[EXERCISE DIRECTIONS]
Repeat the span of the entries below that starts at the line with "HURLEY WAXED HAT" and ends at the line with "Ngắm Đà Lạt", nothing more. Skip the pictures.

[RECORDS PROVIDED]

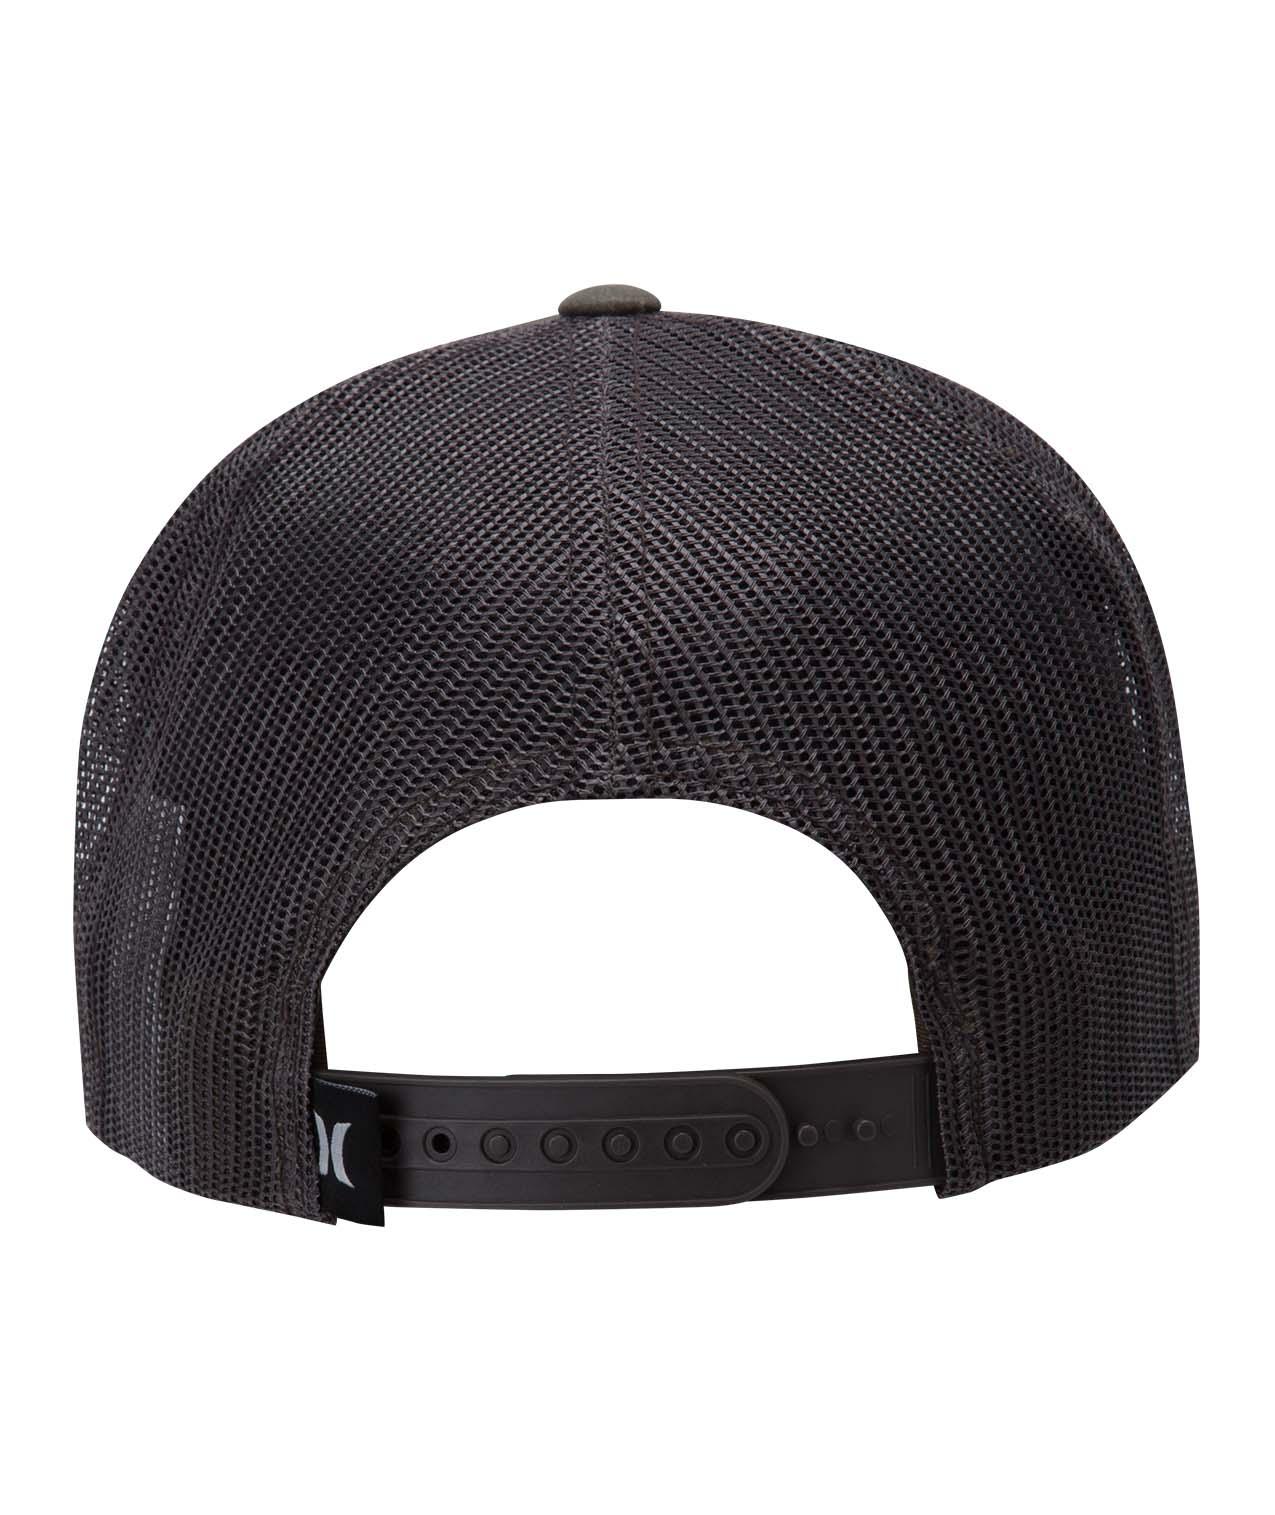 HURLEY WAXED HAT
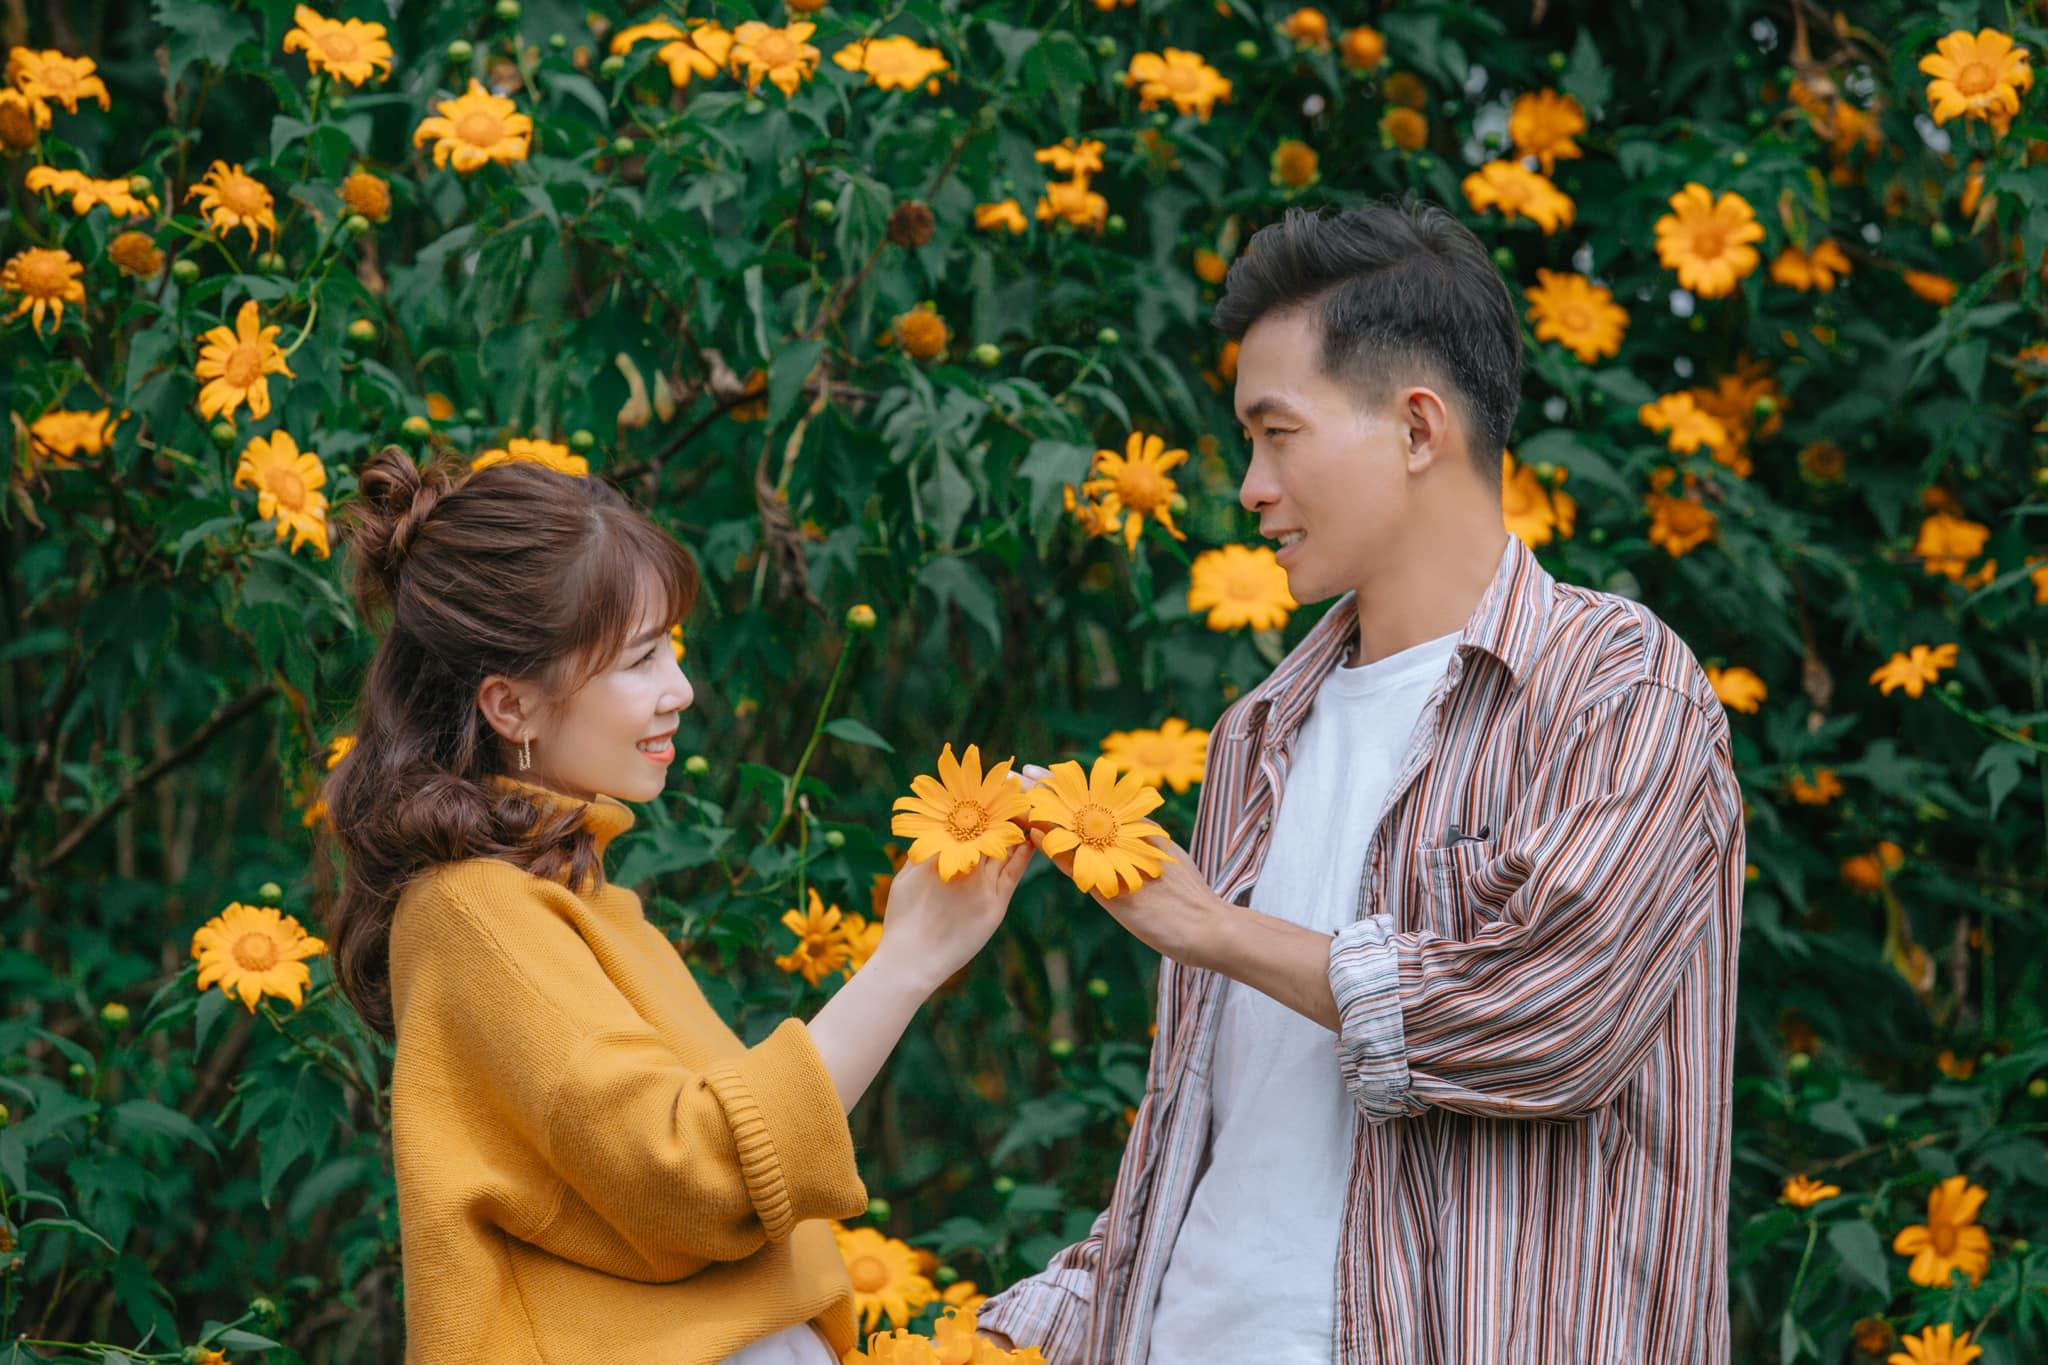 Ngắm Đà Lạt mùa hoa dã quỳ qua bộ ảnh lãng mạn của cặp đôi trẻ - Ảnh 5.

--

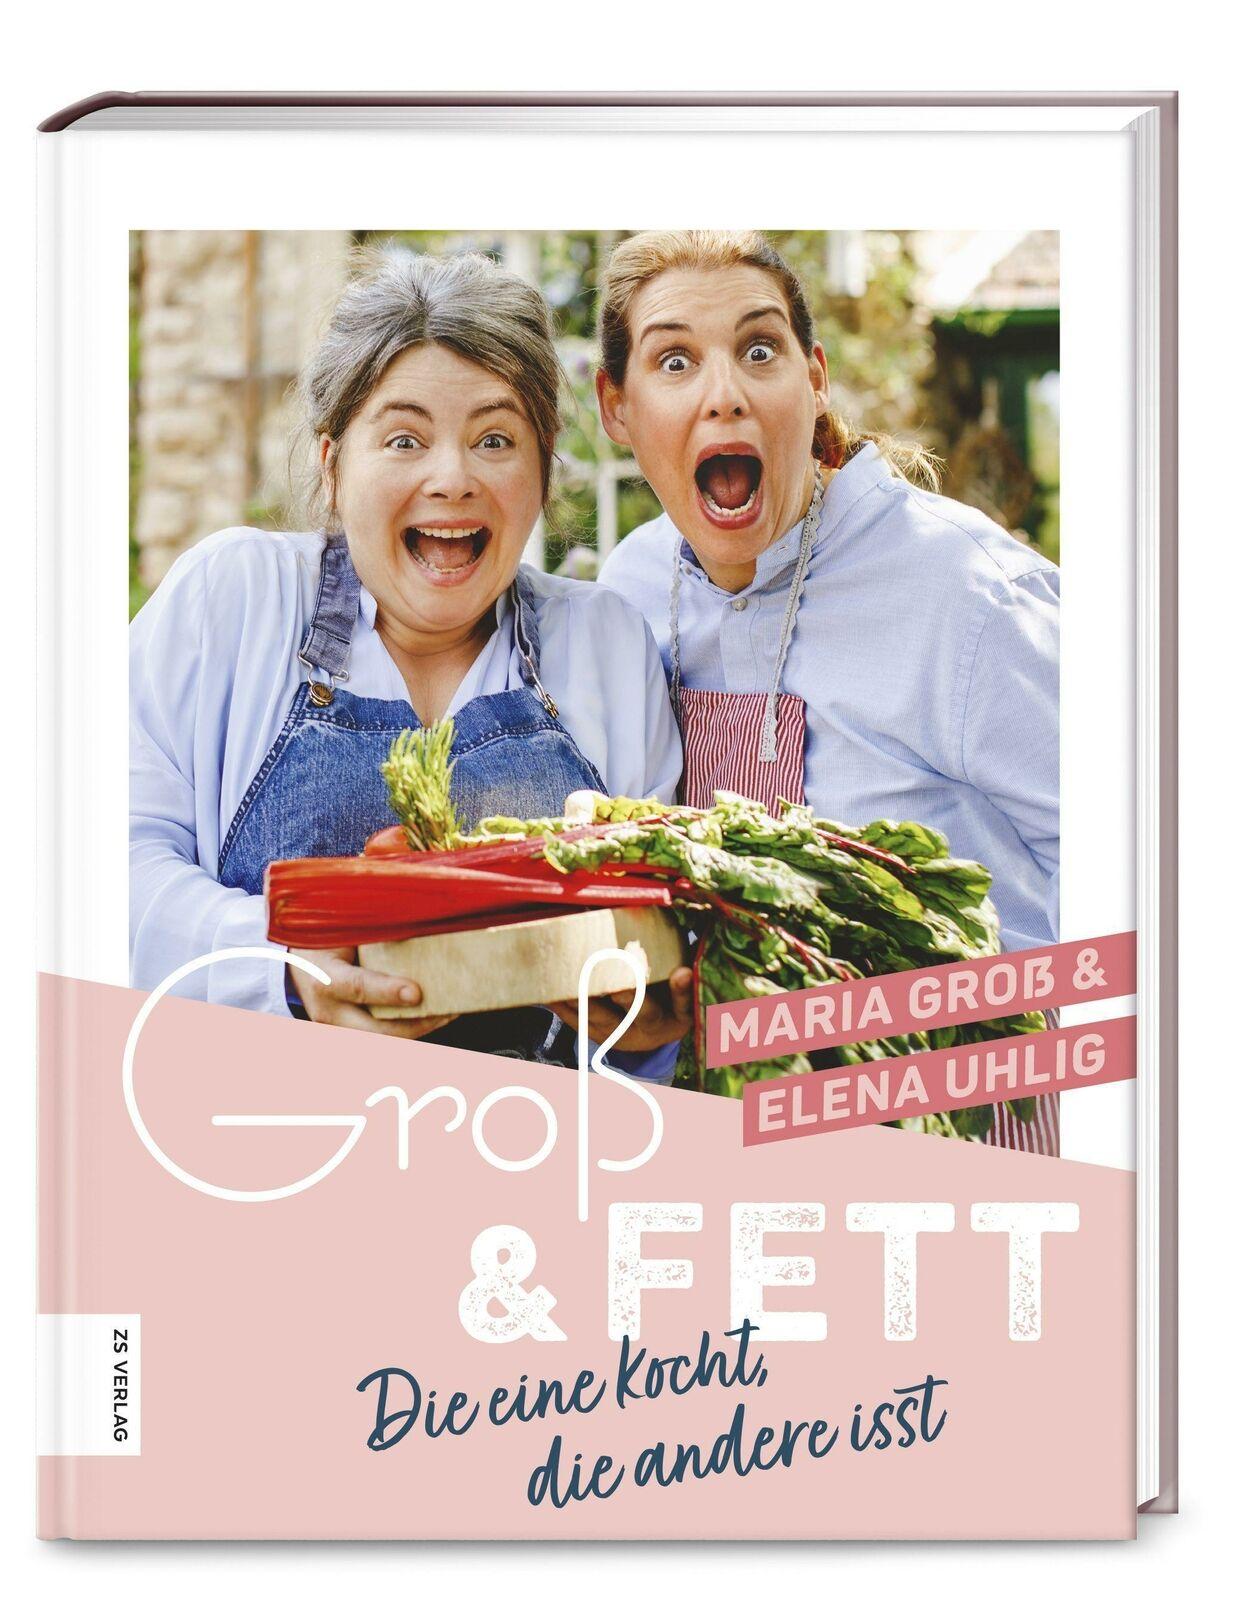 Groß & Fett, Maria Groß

[SOLUTION TO THE PROBLEM]
 HURLEY WAXED HAT
 Ngắm Đà Lạt mùa hoa dã quỳ qua bộ ảnh lãng mạn của cặp đôi trẻ - Ảnh 5.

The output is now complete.